What you should do
What the task requires is an exact printout of the listing below, pictures excluded.

Data section
━━━━━━━━

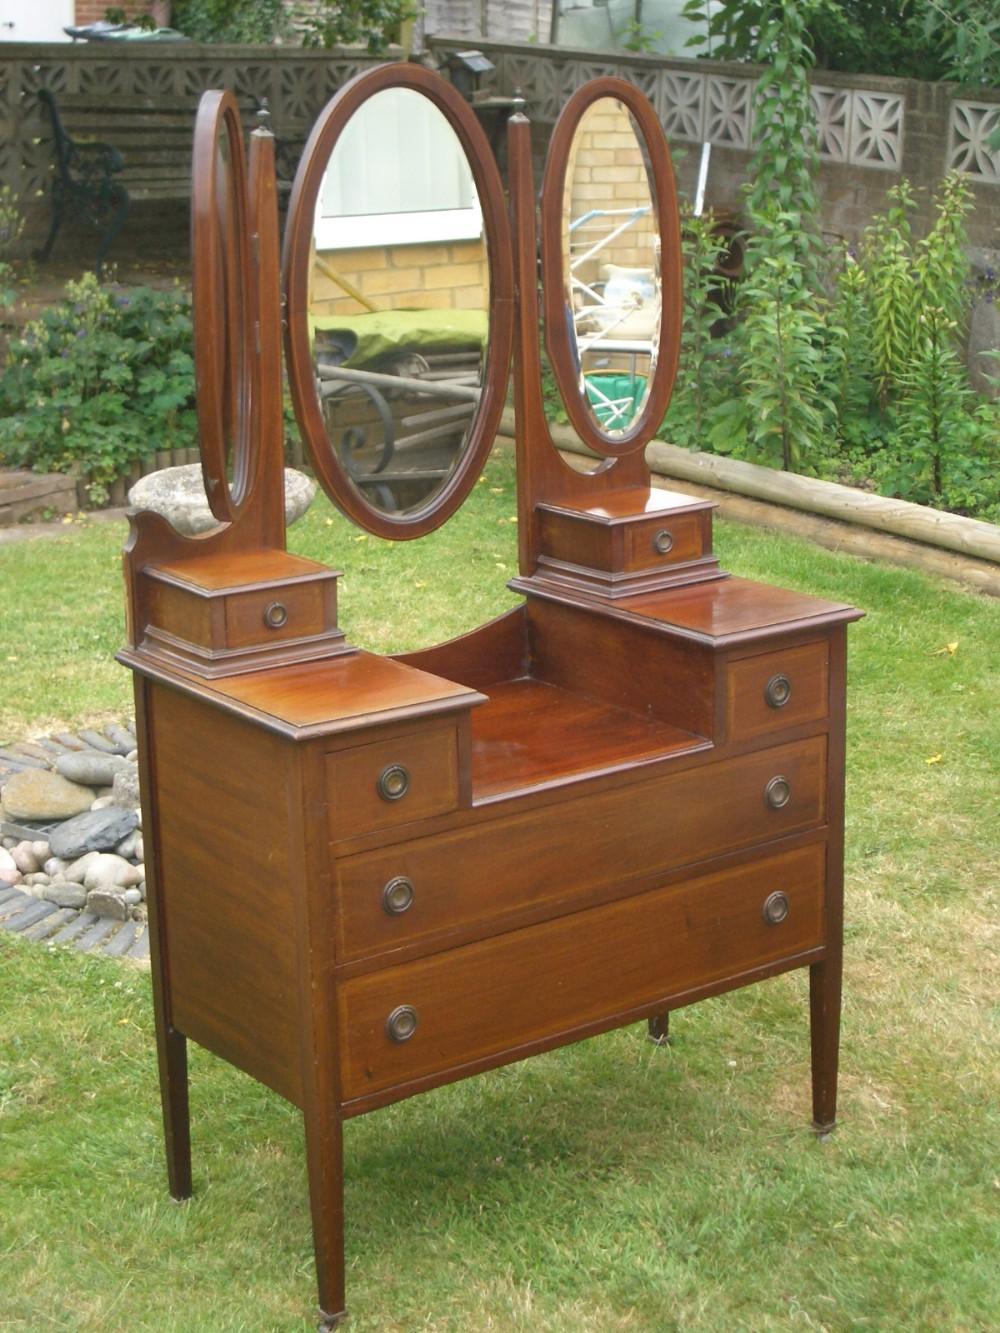 Antique edwardian inlaid mahogany triple mirror dressing
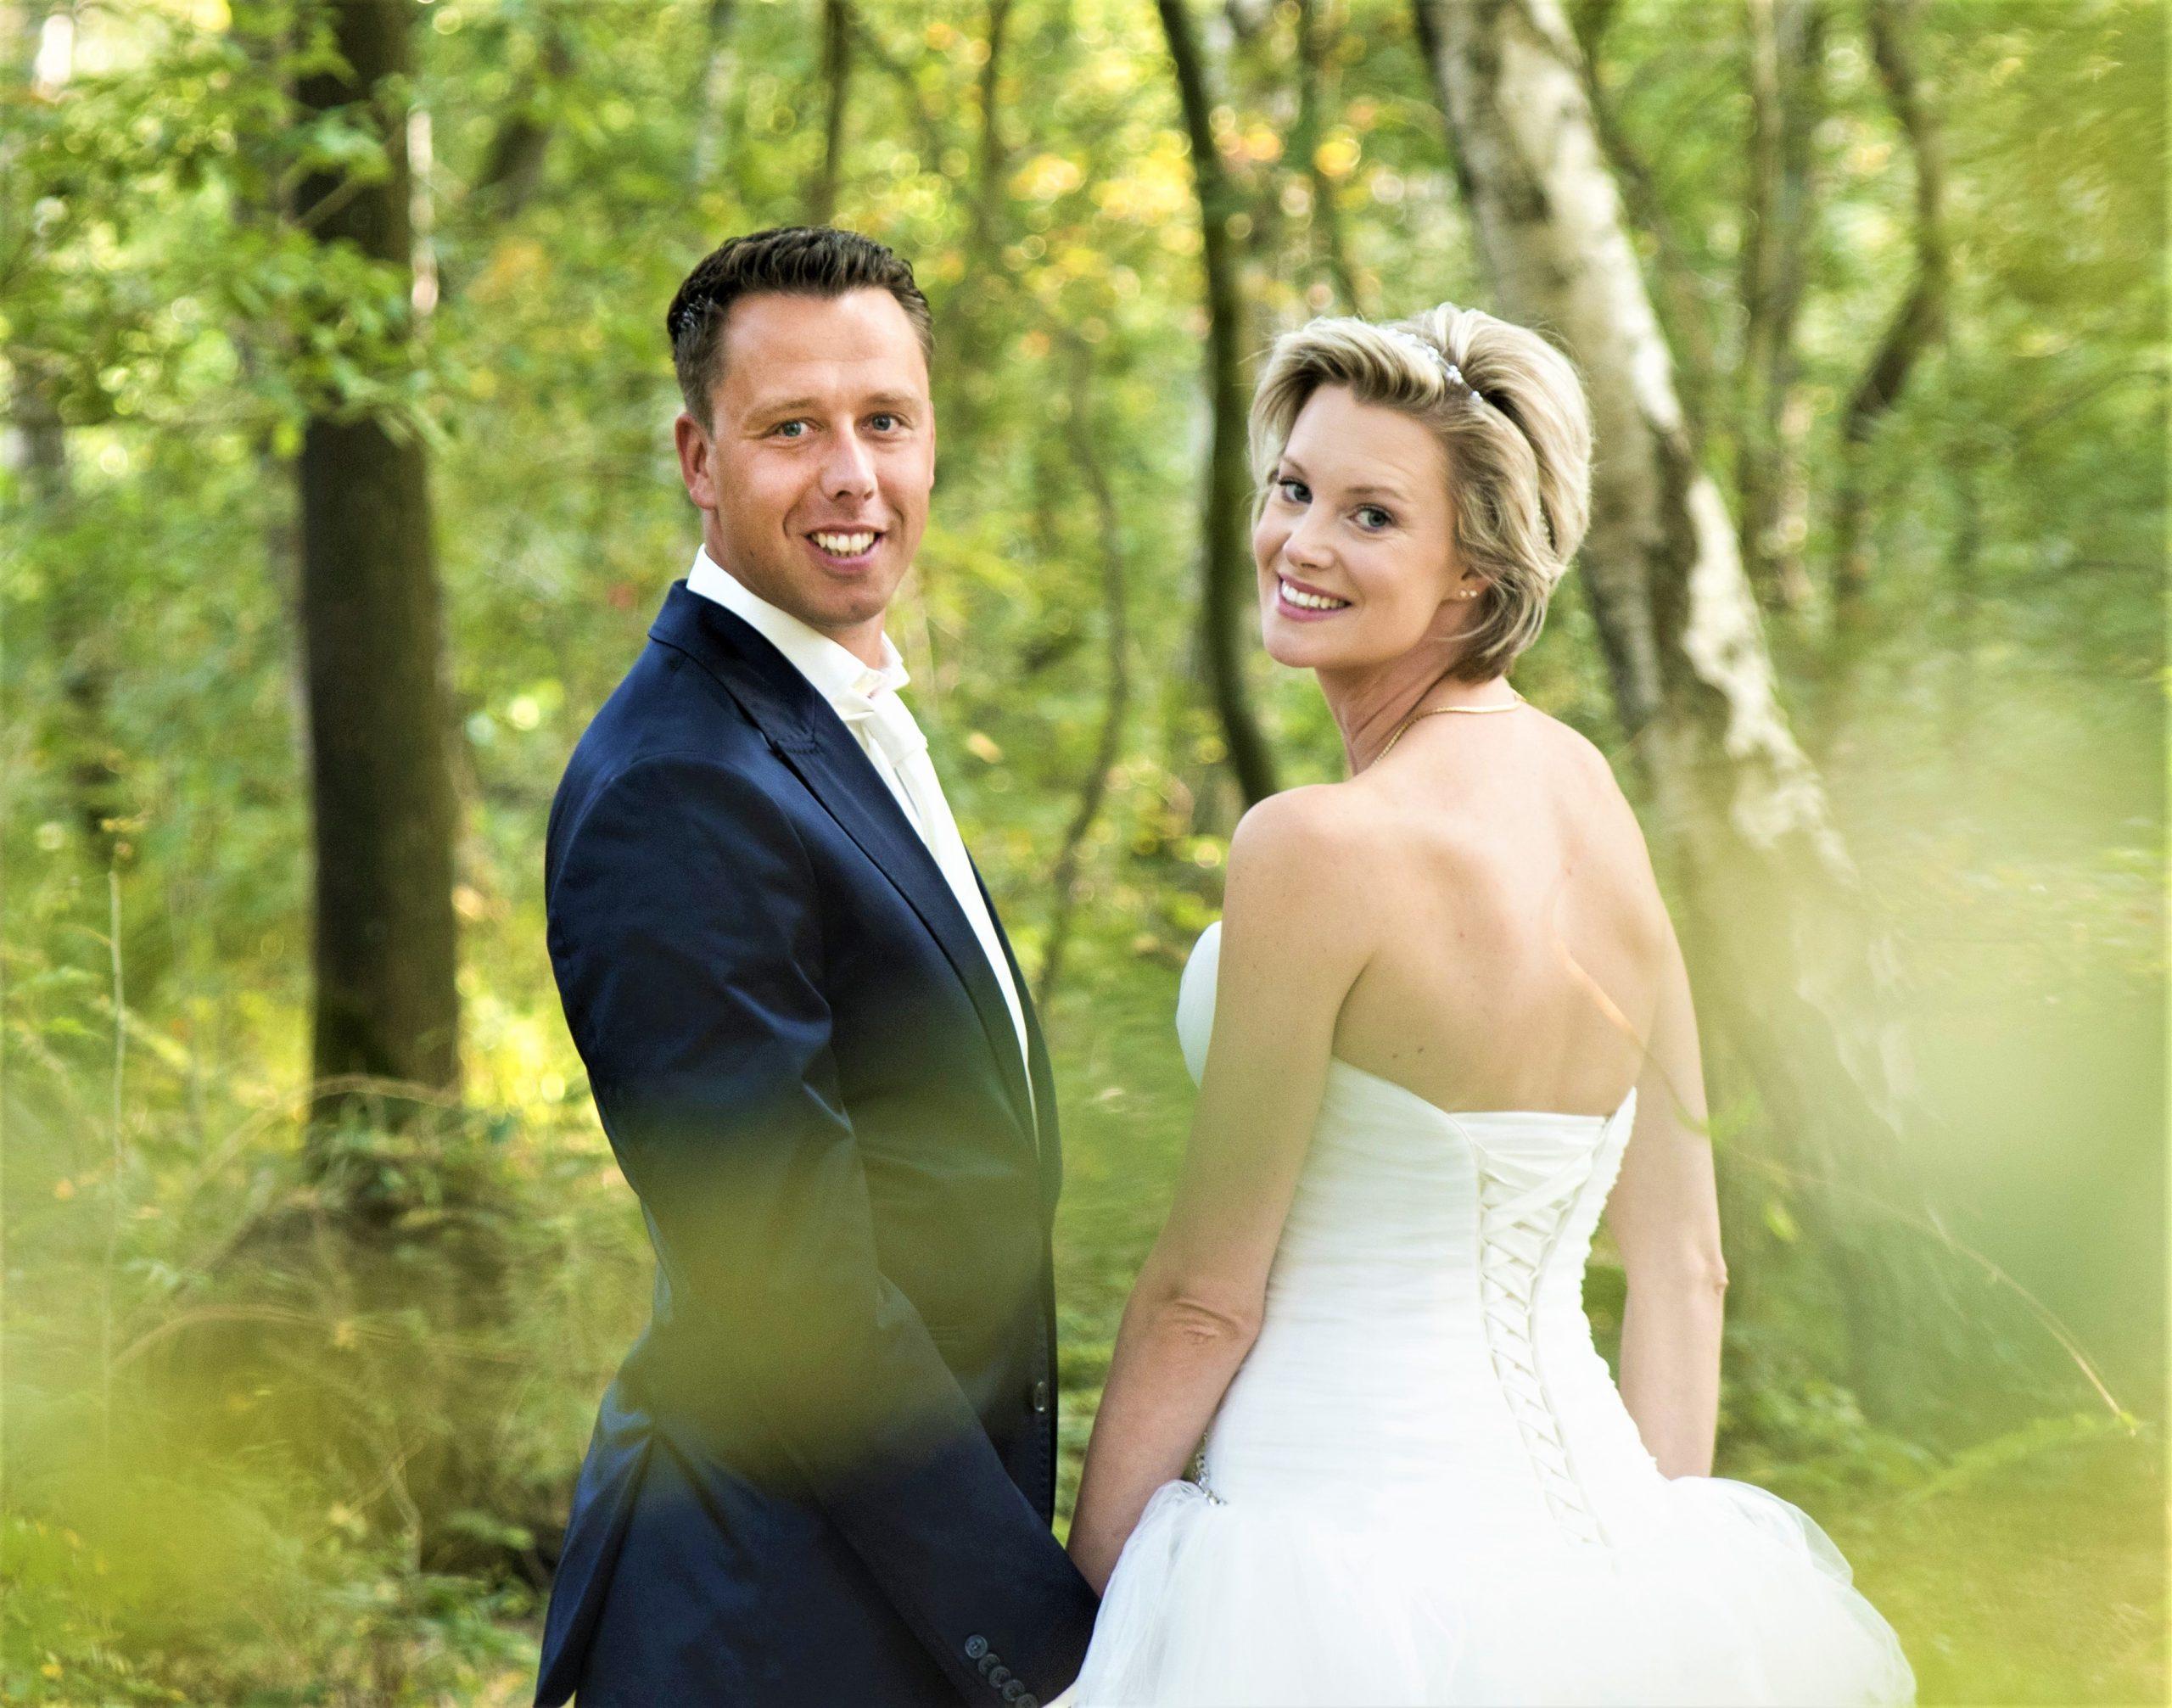 Angela & Jurgen
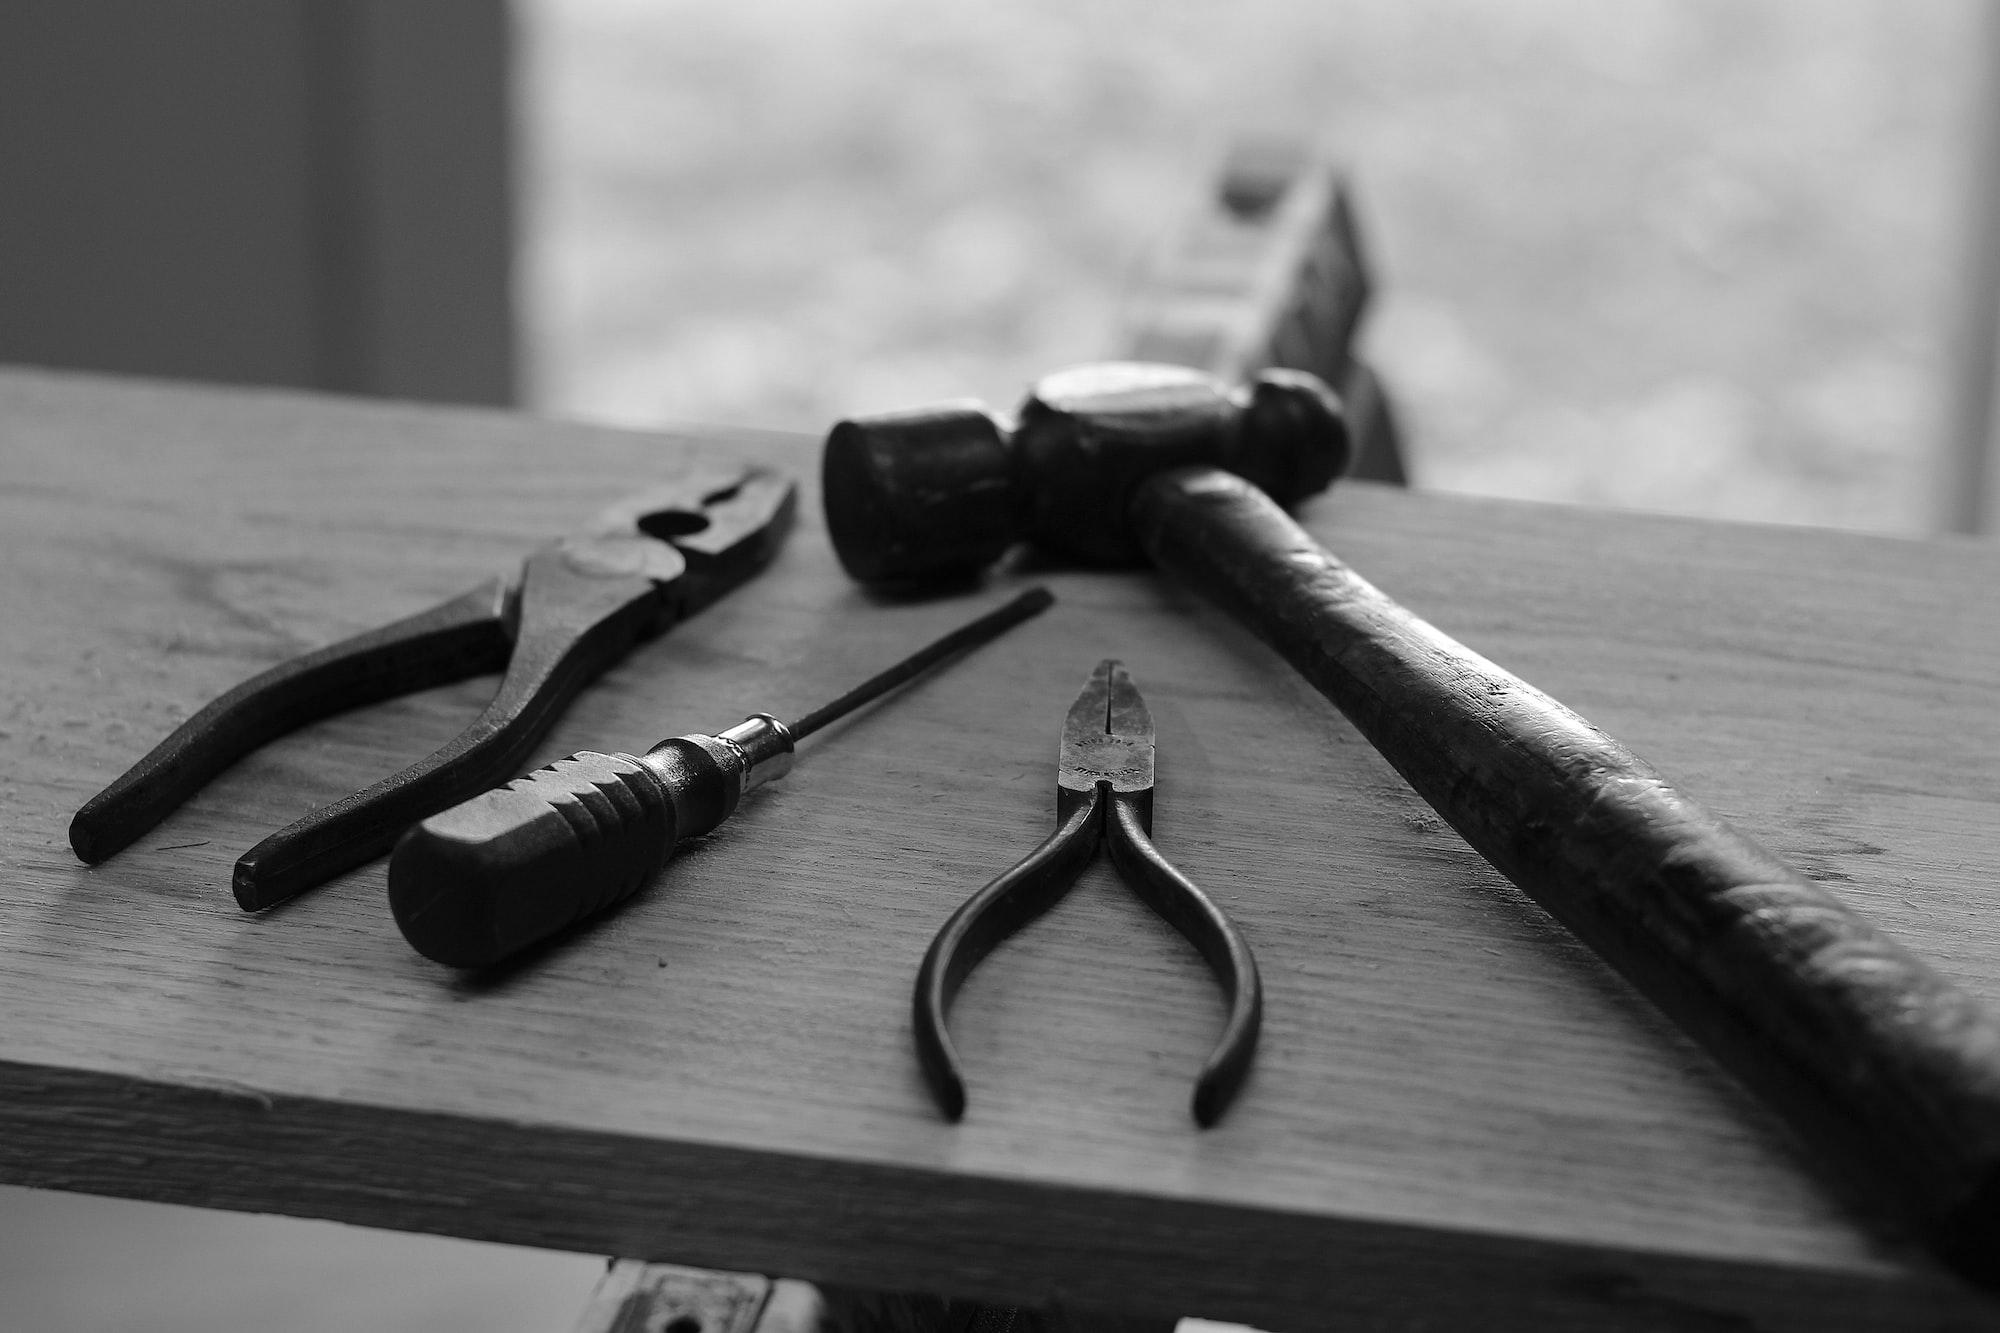 New year, new organizing tools

━━━━━━━━

Solution to the problem
 Antique edwardian inlaid mahogany triple mirror dressing
 Angela & Jurgen
 New year, new organizing tools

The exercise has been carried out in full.